I'm trying to understand how pix_fmt and colorspace work together when
encoding using h264 and h265 (x264 and x265 codecs, respectively).
This is a very long email, but I feel I need to provide context for
what I'm trying to understand. I added several questions in the email.
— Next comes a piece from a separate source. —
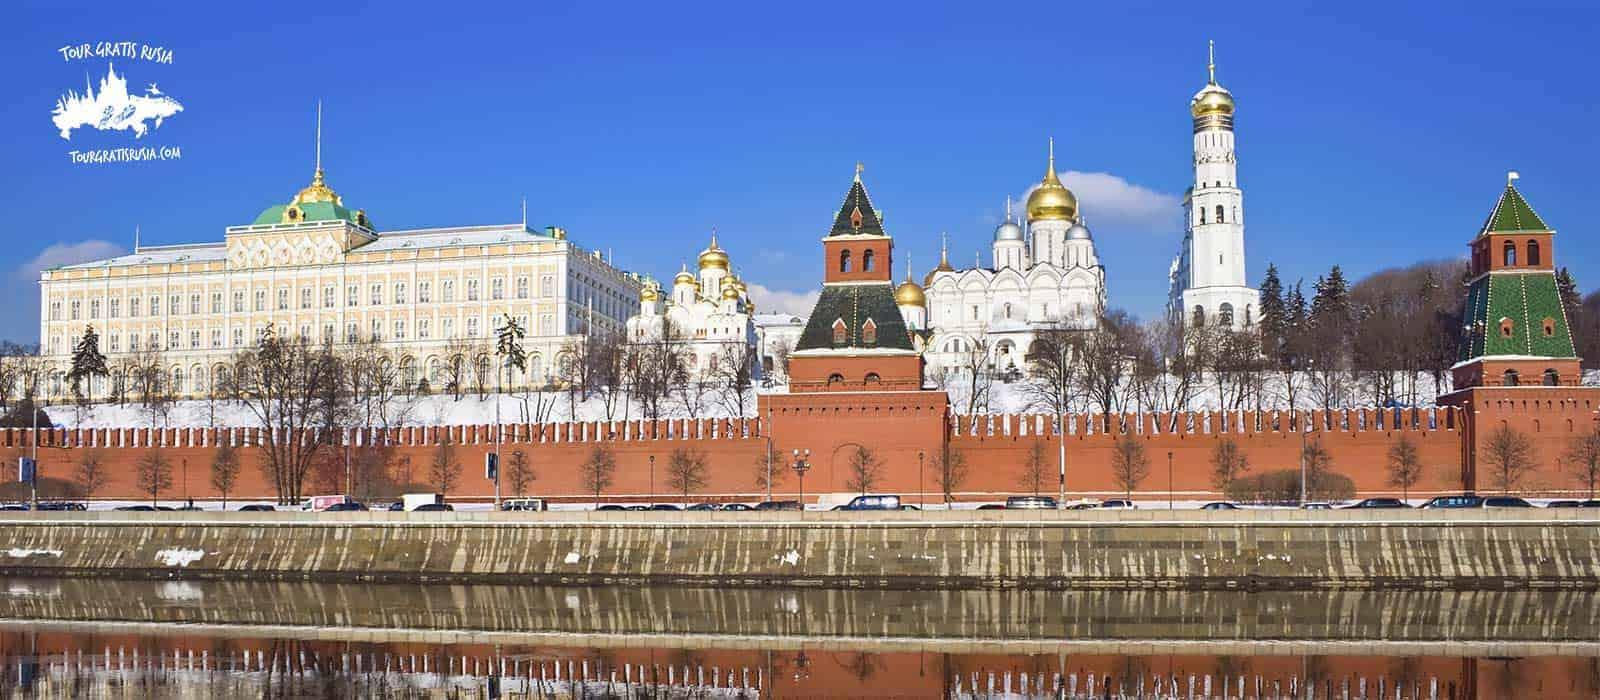 Tour en Kremlin Territorio y Catedrales

My original goal was to get some videos encoded with h265 and the RGB,
YCoCg, and ICtCp color spaces, to understand the effect of the
different color spaces in the actual encoding sizes. I was expecting
the following:

* ICtCp should reduce the encoded size of a file, but only a small
amount. The color space is supposed to be optimized to add all the
video energy to the I component, and leave the Ct and Cp ones with
very little energy
* YCoCg should increase the encoded size of a file, but only a small
amount. The color space is interesting because the conversion
operations are very simple (no FP ops, just shifts and adds/subs).
* RGB should increase the encoded size of the file significantly when
compared to YUV444. I am expecting up to 3x (if we assume the RGB->YUV
axis rotation puts all the energy on the Y, and therefore the chromas
are free to encode).

First I checked the standards: The 3x color spaces are part of the
h265 standard (described in Table E.5 of the 2018/02 standard). The
first 2 (RGB and YCoCg) are part of the h264 standard (described in
Table E.5 of the 2016/02 standard).

So I tried to encode some h265 files. I tried the "-colorspace
<colorspace>" option, alongside "yuv444p" as the pixel format (I want
to avoid the effect of chroma subsampling in the final file sizes).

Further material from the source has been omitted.